31 Compute scaled dot-product attention.
32
33 Args:
34 Q: Query matrix (batch, seq_len_q, d_k)
35 K: Key matrix (batch, seq_len_k, d_k)
36 V: Value matrix (batch, seq_len_k, d_v)
37 mask: Optional mask (batch, seq_len_q, seq_len_k)
38
39 Returns:
40 output: Attention output (batch, seq_len_q, d_v)
41 attention_weights: Attention weights (batch, seq_len_q, seq_len_k)
42 """
43 d_k = Q.shape[-1]
44
45 # Compute attention scores: Q @ K^T / sqrt(d_k)

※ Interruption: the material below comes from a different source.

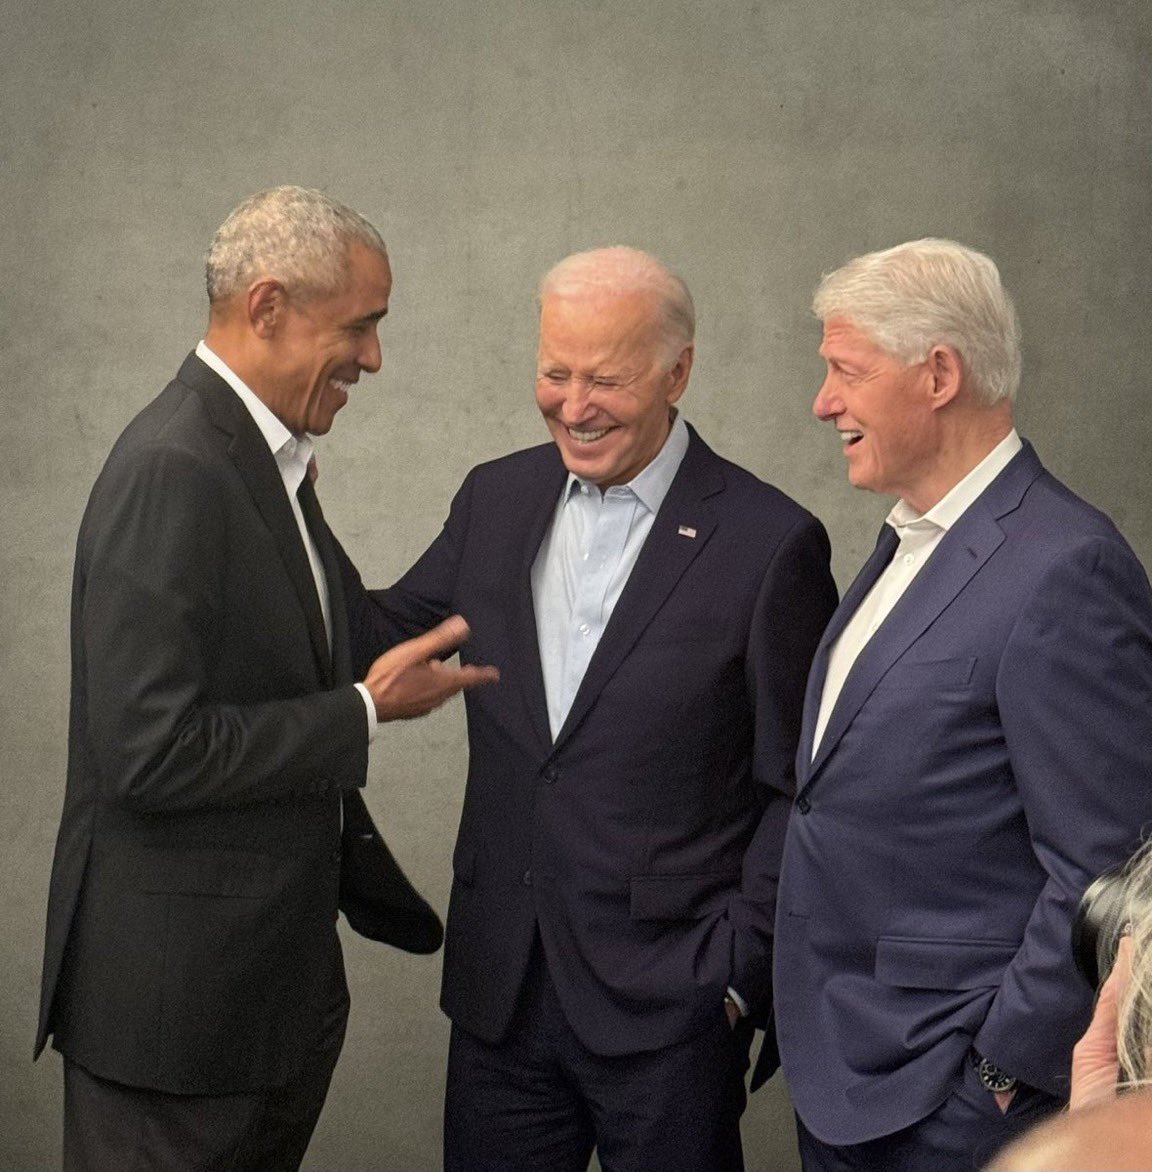 In a show of force & unity, the two living (and able) Dem former Presidents, joined @JoeBiden last night. The wives were there too. Trump couldn’t get the one other former GOP POTUS -GWB- to show-up, if he kidnapped him. Hell, he can can’t even get his wife & daughter to show-up.

46 scores = torch.matmul(Q, K.transpose(-2, -1)) / np.sqrt(d_k)
47
48 # Apply mask (if provided)
49 if mask is not None:
50 scores = scores.masked_fill(mask == 0, -1e9)
51
52 # Apply softmax to get attention weights
53 attention_weights = F.softmax(scores, dim=-1)
54
55 # Compute weighted sum of values
56 output = torch.matmul(attention_weights, V)
57
58 return output, attention_weights
59
60
61class MultiHeadAttention(nn.Module):
62 """
63 Multi-head attention layer.
64
65 Multi-head attention allows the model to attend to information
66 from different representation subspaces.
67 """
68
69 def __init__(self, d_model, num_heads):
70 super().__init__()
71 assert d_model % num_heads == 0, "d_model must be divisible by num_heads"
72
73 self.d_model = d_model
74 self.num_heads = num_heads
75 self.d_k = d_model // num_heads
76
77 # Linear projections for Q, K, V
78 self.W_q = nn.Linear(d_model, d_model)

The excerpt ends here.